Text Mining with I-Analyzer & R

Author

Research Data Management Support

Published

April 25, 2023

Welcome

Text mining methods are quickly gaining popularity among researchers, including those from Law, Economics and Governance (LEG) disciplines. Text mining exploits sizeable collections of digitized texts for automatic analysis, using software such as R or Python. For example, newspaper articles have been to measure economic sentiments and digitized court records to analyze the evolution of jurisdiction.

In this course, we will get you up to speed with a simple workflow for data-driven research using digitized text collections, and learn to reflect on the pros and cons of using methods like these. We will start with selecting relevant texts in iAnalyzer and creating a dataset based on your own research question. After an introduction to R, you will gradually learn to analyze your dataset. This also allows you to develop general skills in R that are becoming ever more useful in the complex analysis of data. By the end of the course, you will be able to answer a simple research question based on your dataset, and to use an ‘Open Science’ approach to report on your workflow and the pros and cons of text-mining.

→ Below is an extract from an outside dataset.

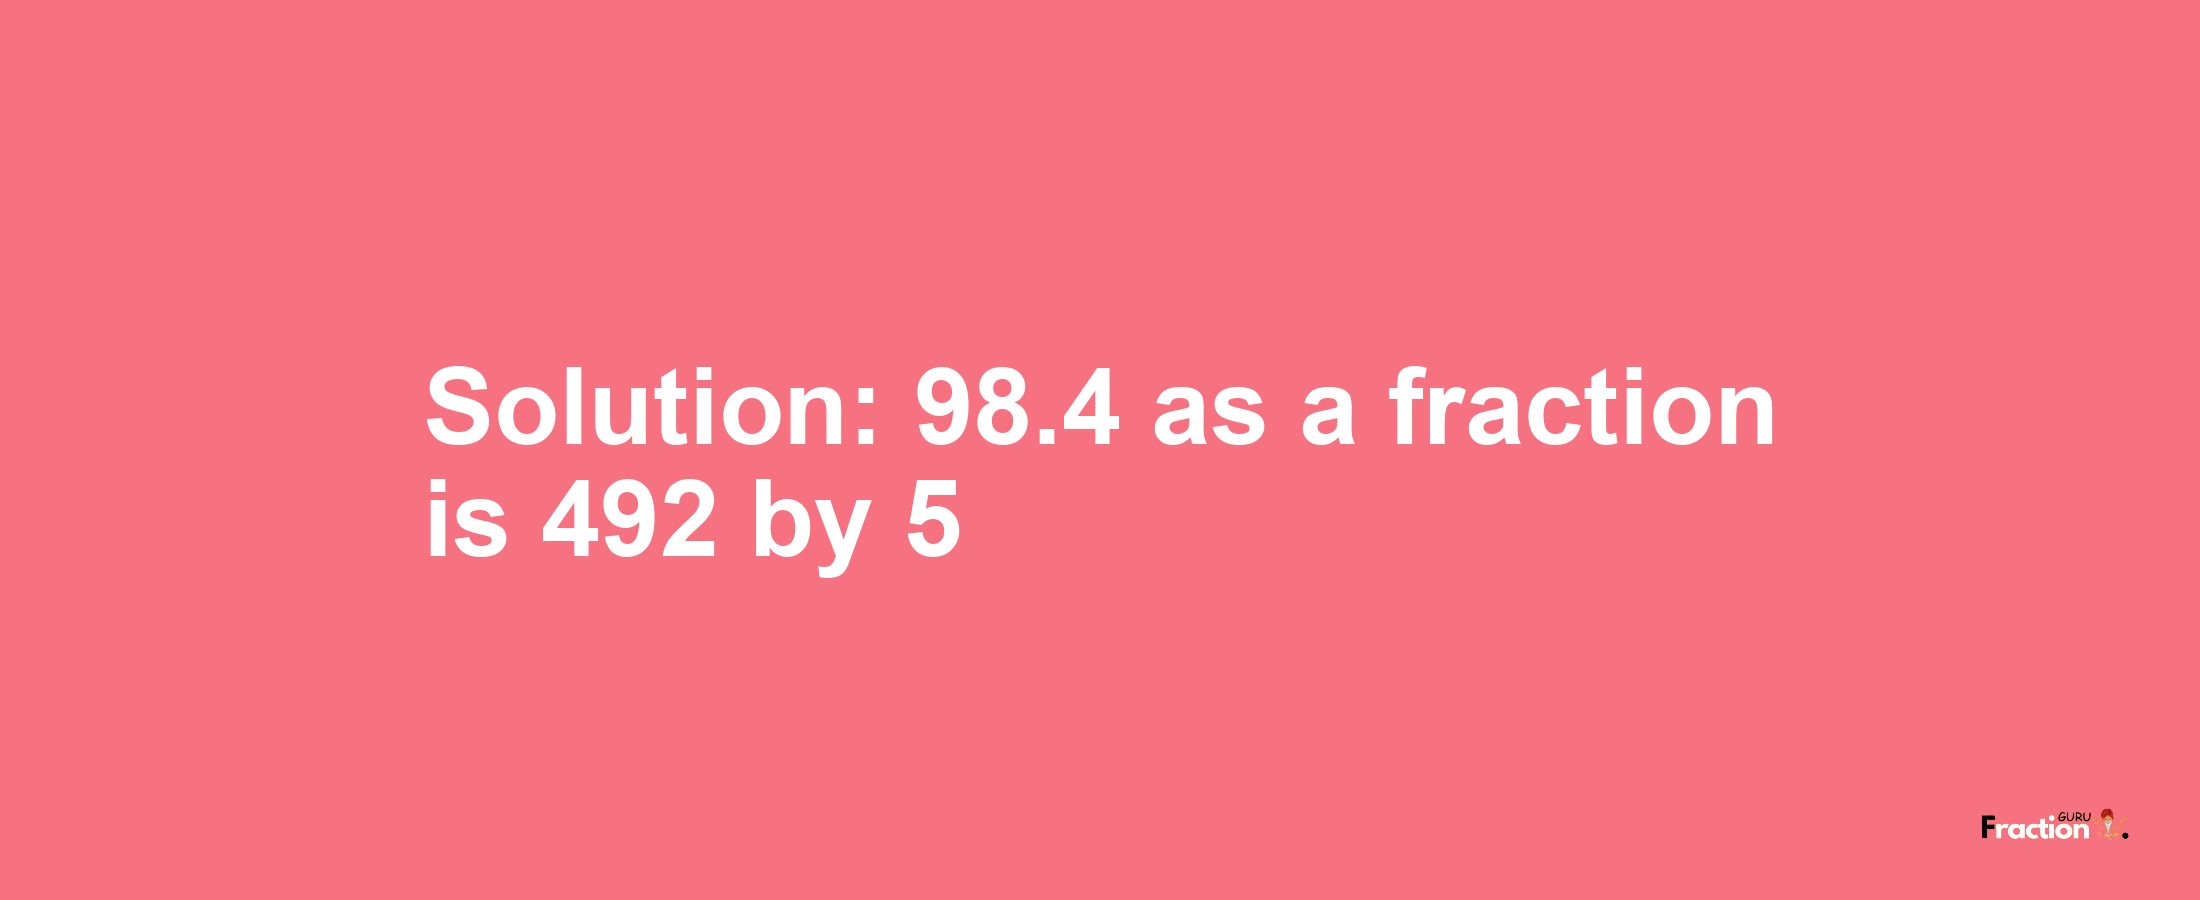 Solution:98.4 as a fraction is 492/5
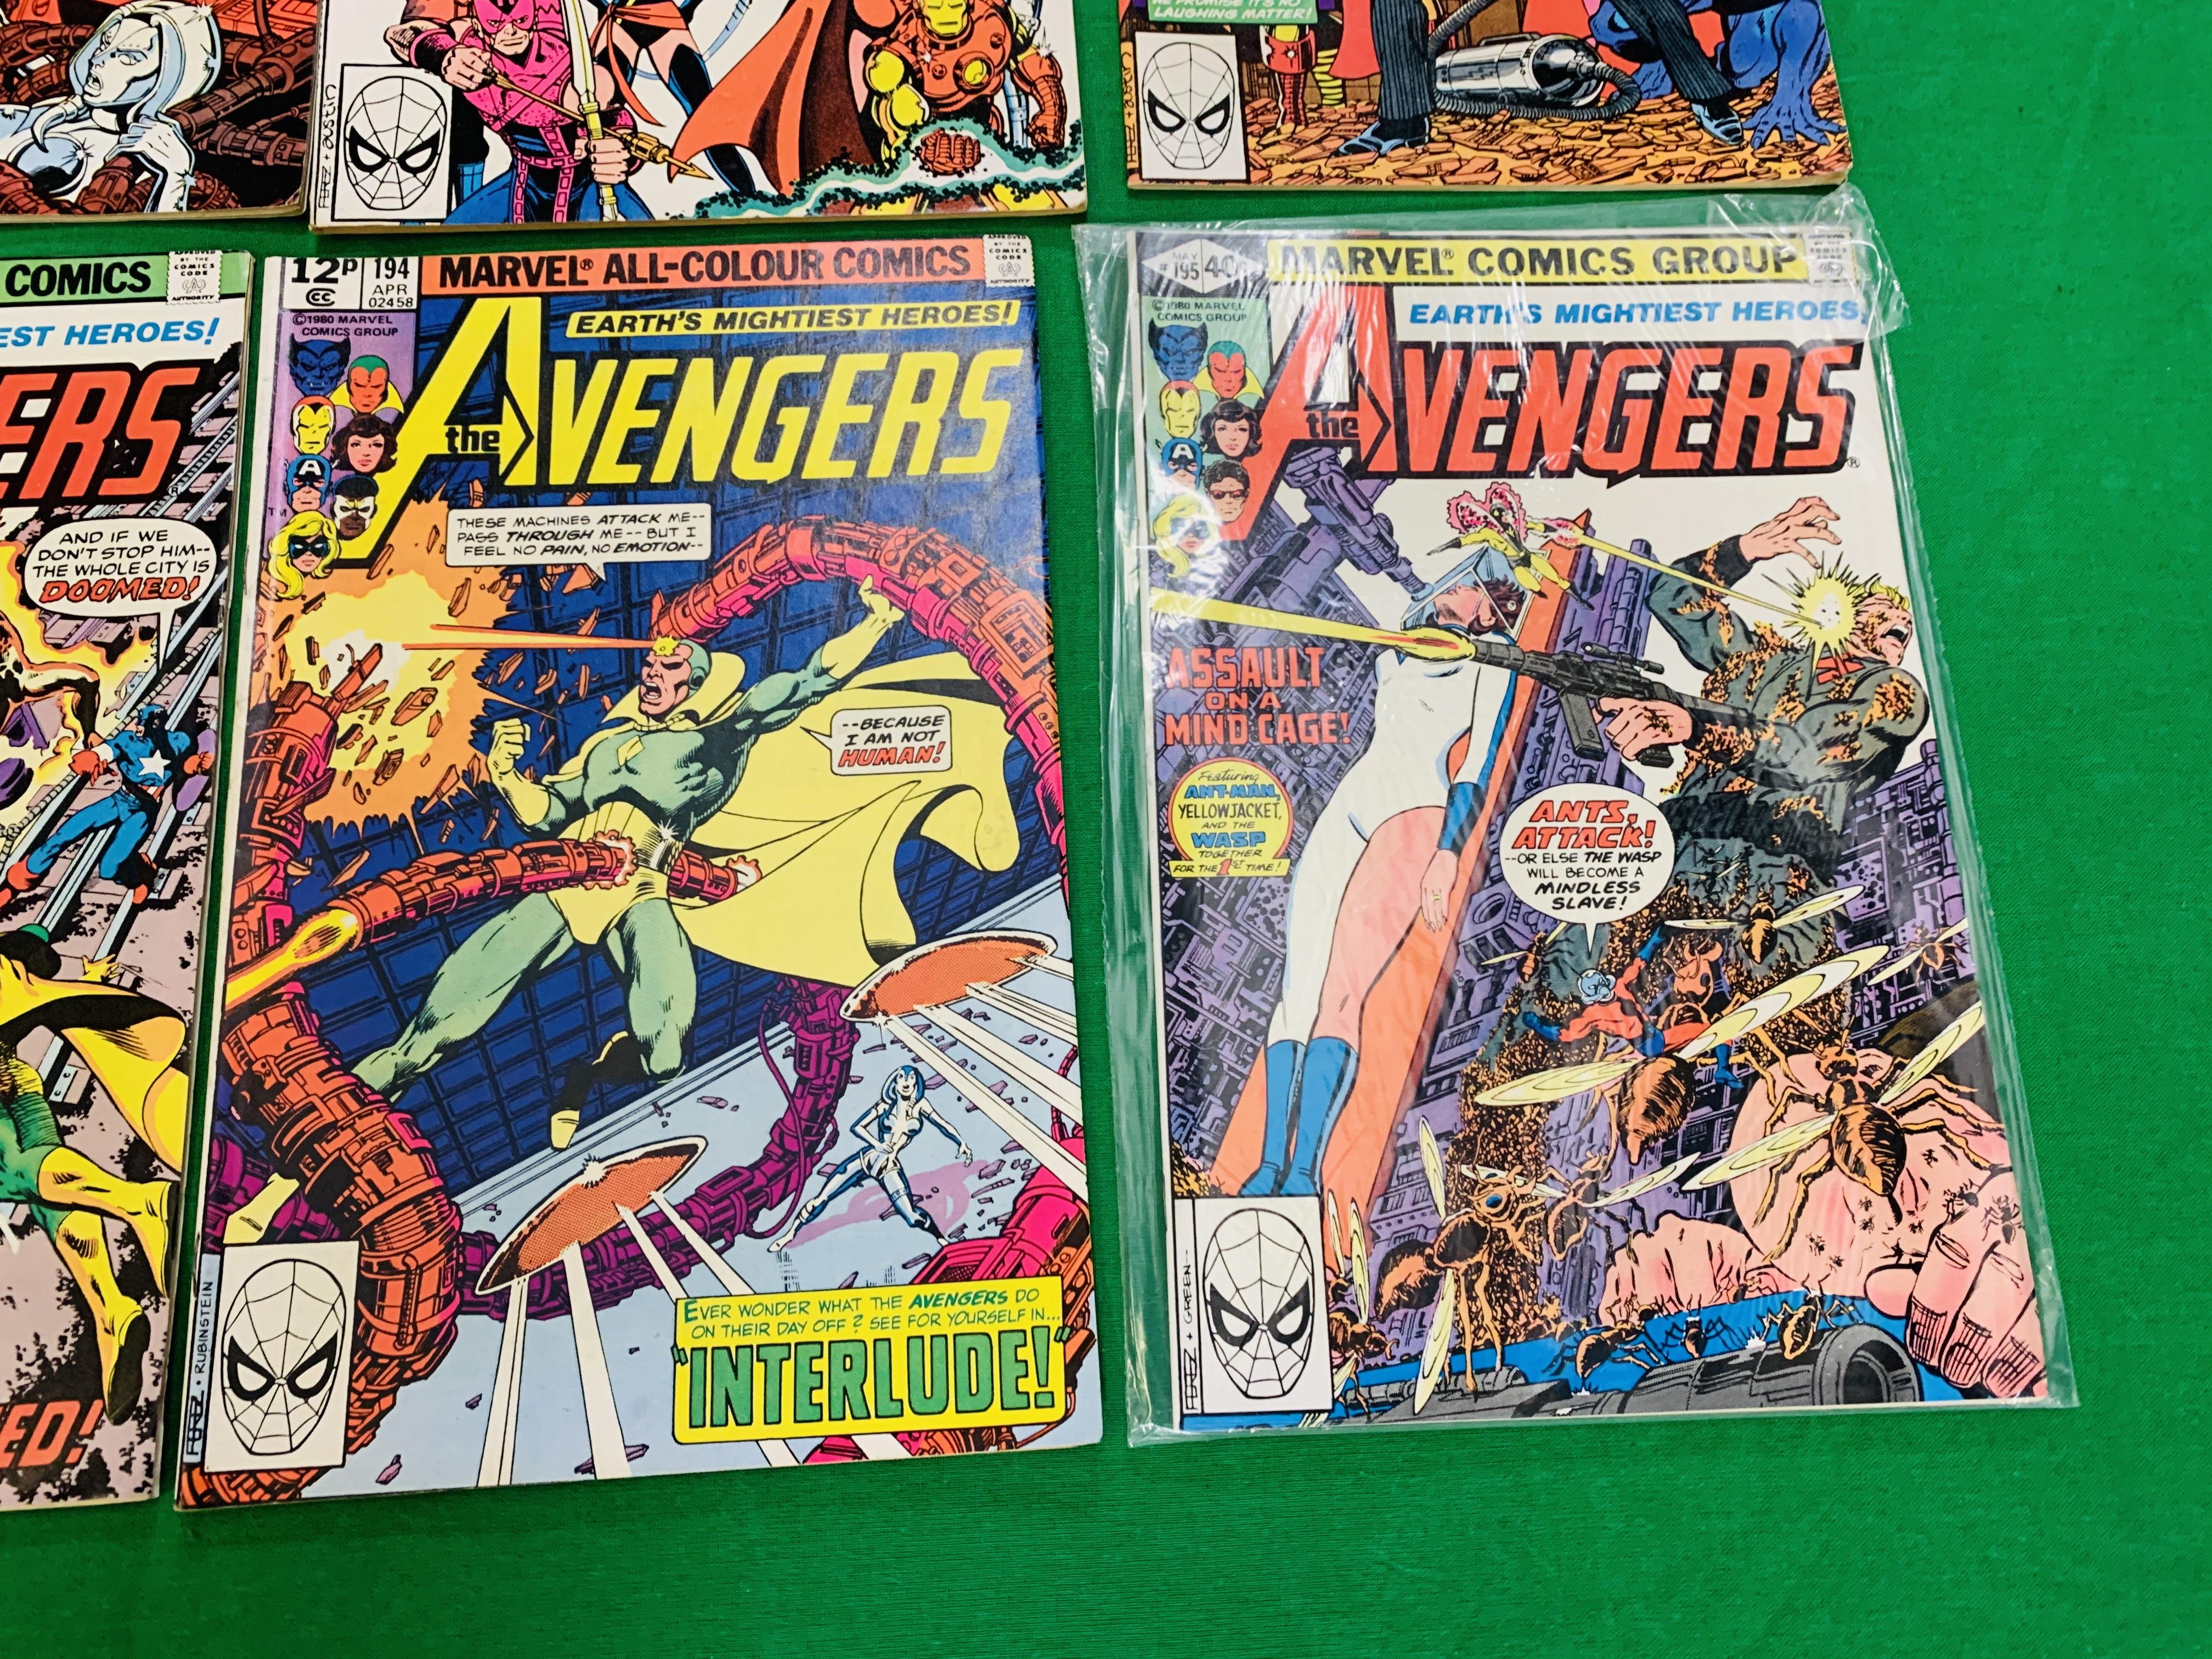 MARVEL COMICS THE AVENGERS NO. 101 - 299, MISSING ISSUES 103 AND 110. - Image 70 of 130

After completing this module, students will be able to:

  • process substantial datasets containing textual information;

  • select subsets of digitized text collections such as newspapers for analysis;

  • import and harmonize textual data in R;

  • visualize textual data using n-grams and relations between words;

  • automatically identify themes and subjects within textual data (topic modeling);

  • reflect on the benefits and drawbacks of using text-mining methods for research.